Поехал Лукич под конвоем, и привезли его в деревню Знаменскую. Бумаги и чернил лишили, даже в церковь не пускали, бриться не давали. Забородател Лукич. Как мужик стал, а борода уже седая… Однажды ночью разбудили его – охти, горе! Понаехали с факелами солдаты, велели одеться теплее. Все, что было при нем, забрали. А на дворе уже возок стоит – весь из кожи.
Посветили Лукичу факелом: «Садись и забудь себя!» А офицер иглу цыганскую взял с ниткой суровой, дегтем смазанной, и сказал так:
– Две дырки для тебя остались, князь: одна – для еды, а другая понизу, куда нужду в дороге справишь… Ну, прощай, князь!

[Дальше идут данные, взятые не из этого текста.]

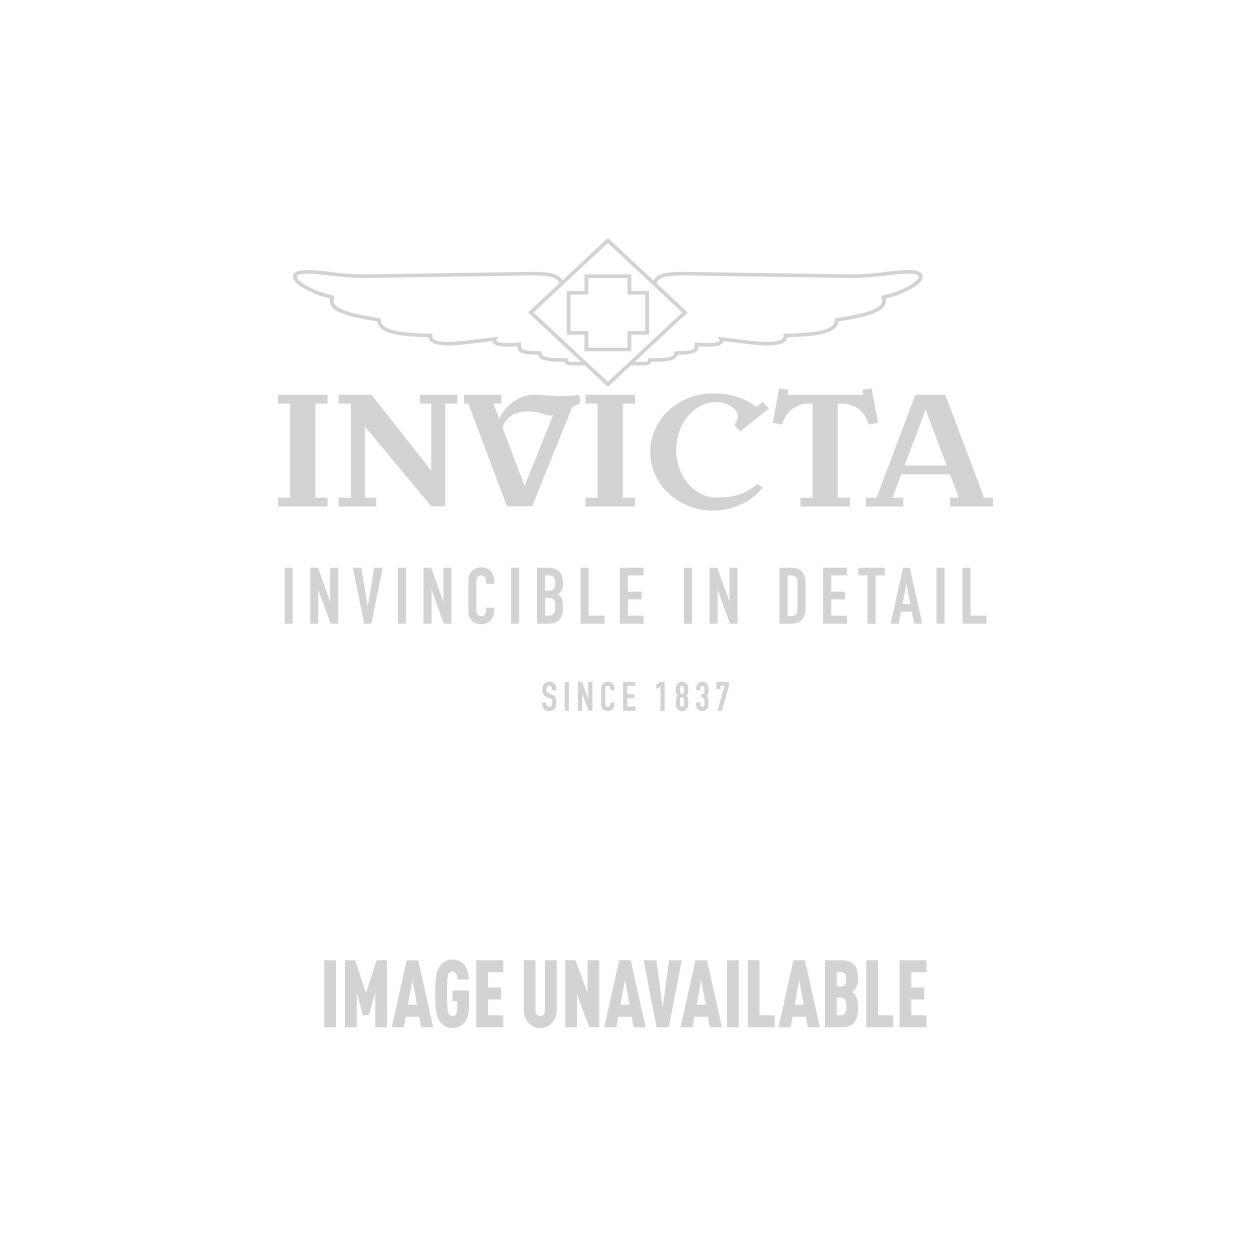 Invicta Model 22589

И стали заживо его зашивать в кожаном том возке. В одну из дырок, в нижнюю, долго видел Лукич, как стелется под ним дорога. Сначала – с травкой зеленой, потом – снег, снег, снег… Наконец и этих дырок не стало: закрыли их снаружи. Здорово качало тогда Лукича и плескались волны… «Куда везут? Не утопят ли?»
И вот вспороли ножом толстую кожу:
– Вылезай, раб божий.
– Где я, люди? – спросил Лукич.
– Ходи в двери, – отвечали ему монахи.
Но дверей не было, а была в земле яма. Колодец!
– Прыгай, родненький, с богом… Бог тебе судья.
Перекрестился Лукич и прыгнул: нет, не колодец это, а «мешок» каменный. Таким ознобом вдруг ударило от земли, что затрясся князь от лютого холода. И дрожал так – год за годом…
Это была тюрьма Соловецкого монастыря в Белом море!
* * *
А дворы иноземные, сообразуясь с реляциями прошлыми, запоздалыми, все слали и слали на Москву подарки князьям Долгоруким! Тут их быстро растаскивали фавориты новые – братья Левенвольде, Бирен со своей горбуньей, Ягужинский и Марфа Остерман. Все, что было примечательного, забирала в свои покои сама императрица. Подарками из Вены особенно довольная, в частной аудиенции с послом германским, Анна Иоанновна заявила графу Вратиславу:
– Уж больно мне собаками Вена угодила, век не забуду… От Остермана извещена я, будто королевус ваш хлопочет о войске русском для нужд великогерманских! И то я помню, цесаря вашего в печали не оставлю: коли война разразится, Россия свой долг дружбы исполнит… Пришлем корпус с оружием наилучшим!
Себя вдовица тоже не забывала. Все земли и всех мужиков, кои ранее за Долгорукими были, она на себя перевела, и стала русская императрица самой богатой помещицей в России. [10]
– От врагов моих, – сказала, – мне же и прибыль великая!
Глава третья
Вот уж когда поела она буженинки – всласть! Ломти, такие сочные, бело-розовые, были посыпаны тертым оленьим рогом.
– На Митаве-то, – говорила, радуясь, – такой не едала. Ну и буженина… Хороша! Девки, а вы что там умолкли? Пойте мне песни…
Фрейлины запели, и Анна Иоанновна запила буженину венгерским – тем, серебристым, что из Вены привезено (спасибо королевусу Карлусу!). Близился день коронации – день милостей. Отовсюду по весенней травке сползались на Москву нищие – мутноглазые от голода, в рубищах, босые, язвенные, оспенные, паршой покрытые, с кровавым колтуном в волосах… Шли и шли – прямо на Красную площадь, и разлегались на земле – чаялись милостей. Фонтаны с вином еще не прыскали, зато от кухонь кремлевских уже пахло мясом жареным… Поесть бы мясца! Вот и стекались нищие.
Очень уж хотелось Анне Иоанновне, чтобы на коронации почтил ее князь Кантемир одою славной, даже намекала Антиоху:
– Больно уж твои рифмы хвалят, князь. Сложил бы что для меня, а я бы – послушала. Тебе в честь, мне в радость!
Галантный камер-юнкер изощрялся в ретирадах:
– Брался я за перо, государыня, но Фебус перехватил руку мою, воскликнув при этом: «На что дерзаешь, безумный? Нешто же мощен ты, презренный, восхвалить столь великую Анну?..»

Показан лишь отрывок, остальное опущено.